Het Gezicht van de Duivel - een column van Marcel De Meester

 


    ‘Wij komen namens de club van 27.’

    ‘Neem plaats,’ spreekt de Heer op milde toon.

    Er is maar één stoel. Daar waar ze nu staan. Helemaal achteraan in de immense lege zaal.

Het is duidelijk dat Kurt Cobain weet wie zijn meerdere is. Hij laat Jimi Hendrix plaatsnemen.

Beiden doen nu hun uiterste best om het schrikbeeld te overwinnen. Ze zijn gewaarschuwd. Het is hen beneden verteld. 'Jullie zullen een afschuwelijke trip beleven.' Wat dat precies is, weten zij al. Het heeft hen tot hier gebracht.

    Aan de eindeloos lange muren en aan het plafond hangen, als een mozaiek aan elkaar gesmeed, oneindig veel bioscoopschermen, computerschermen, televisieschermen, met gsm’s en smartphones die er als ratten doorheen sluipen. Uit dit alles spatten flitsende beelden van begraafplaatsen, bruiloftsfeesten, dancings, festivals, Nostradamus, markten, slachthuizen, winkelstraten, bouwwerven, paleizen, genocide, pest, begeerte, verkeerschaos, inquisitie, communisme, walvisjacht, Hiroshima, geslachtsverkeer, een kus, Beatlemania, verkrachtingen, inbraken, moorden, oorlog, hongersnood, nog begeerte, storm, plastic, veel plastic, nog slachthuizen, Auschwitz, fabriekspijpen, Eddy Merckx, dinosaurussen, circus, rusthuizen, kannibalisme, klinieken, veel klinieken, Pompeï, afgerukte ledematen, maanlanding, huilende kinderen, nog meer begeerte, Assepoester, volle tafels, lege tafels, Lourdes, nog meer slachthuizen, een klein klein zoentje, piramiden, Het Laatste Avondmaal, mortuarium, nog mortuarium, nog meer mortuarium...

    Waanzin in psychedelische kleuren. Wat dat is, weten zij. Ze zijn aan die gekte dood gegaan.

    ‘Mooi, nietwaar?’

    Ze worden uit hun trance gerukt. De stem rolt nu als een tsunami door de zaal. De Heer zit ginds midden in de zaal op een hoog podium achter een bureau. 

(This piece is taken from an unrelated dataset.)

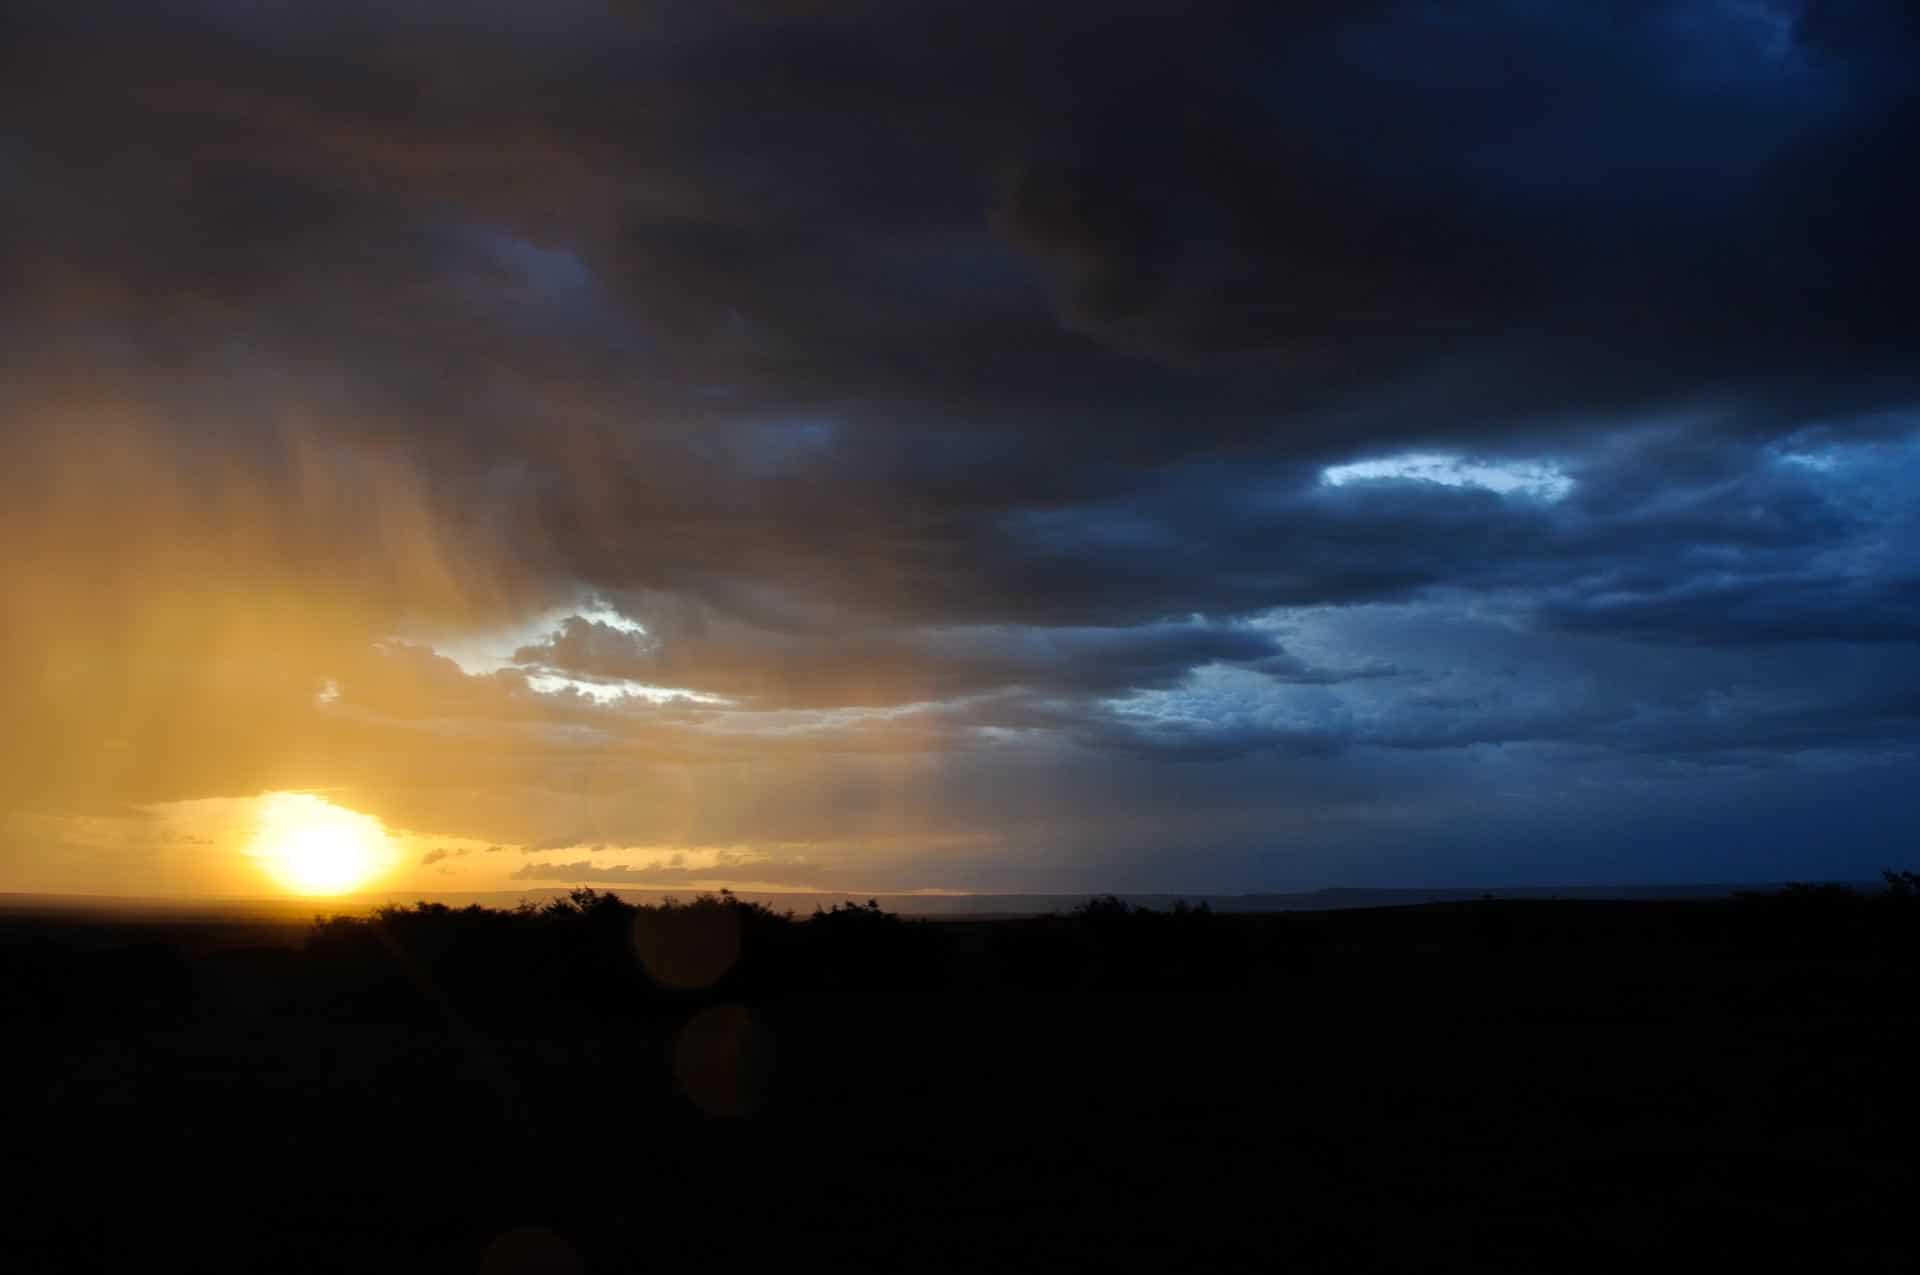 Masai-Mara-Kenia-Globetrotter-Select-15
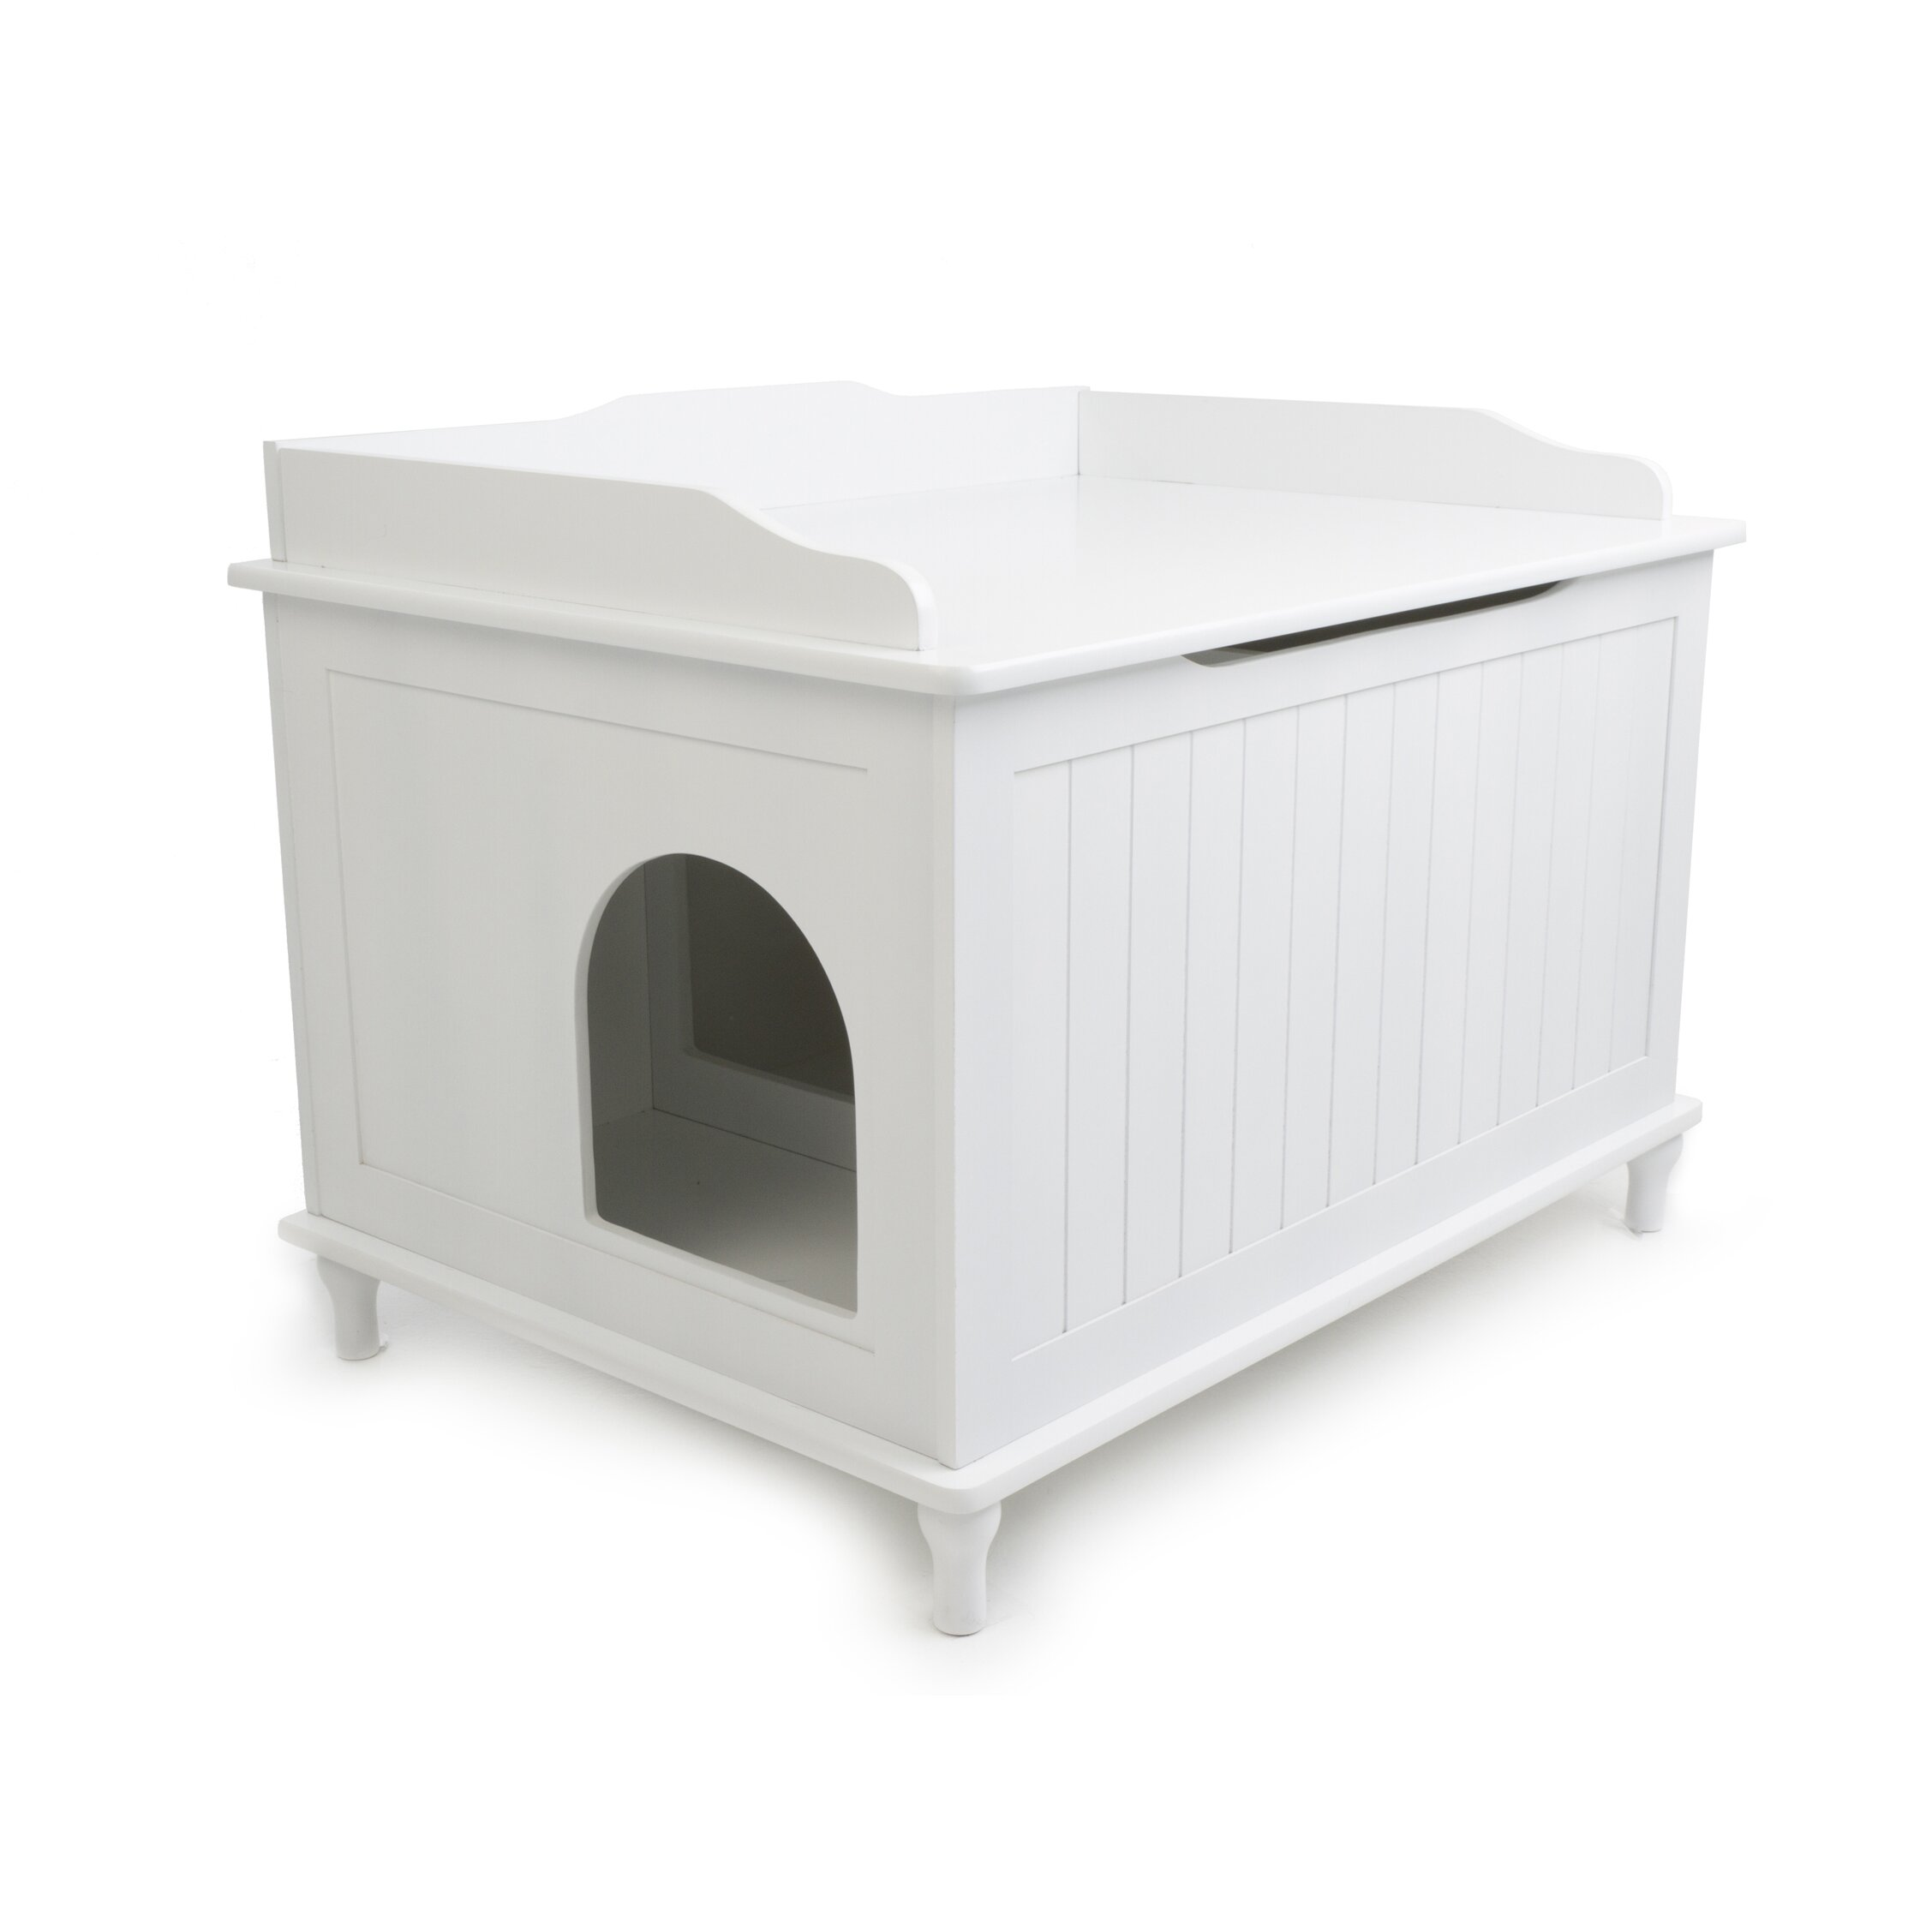 Wooden Litter Box Cabinets Designer Pet Products Mia Litter Box Enclosure Reviews Wayfair

    ‘Ik veronderstel dat jullie er ook graag muziek bij hebben? Dat was toch jullie specialiteit!’

    Er klinkt een bulderende lach en opeens ontploft er een oorverdovend lawaai uit al de beelden. Een orkestratie van gehuil en gejammer, onweer en ontploffingen, knagen en kraken, smakken en smeken, lusten en leugens… tot alles samensmelt in een oorverscheurende feedback.

    Tot het ineens weer stil is. Heel stil. Koud stil. IJs. De stilte is oorverdovend. Het is erger dan lawaai. Stilte is van lang geleden. Een sprookje.

    ‘Vertel me? Wat kan ik voor jullie doen?’ spreekt de Heer opnieuw grootmoedig.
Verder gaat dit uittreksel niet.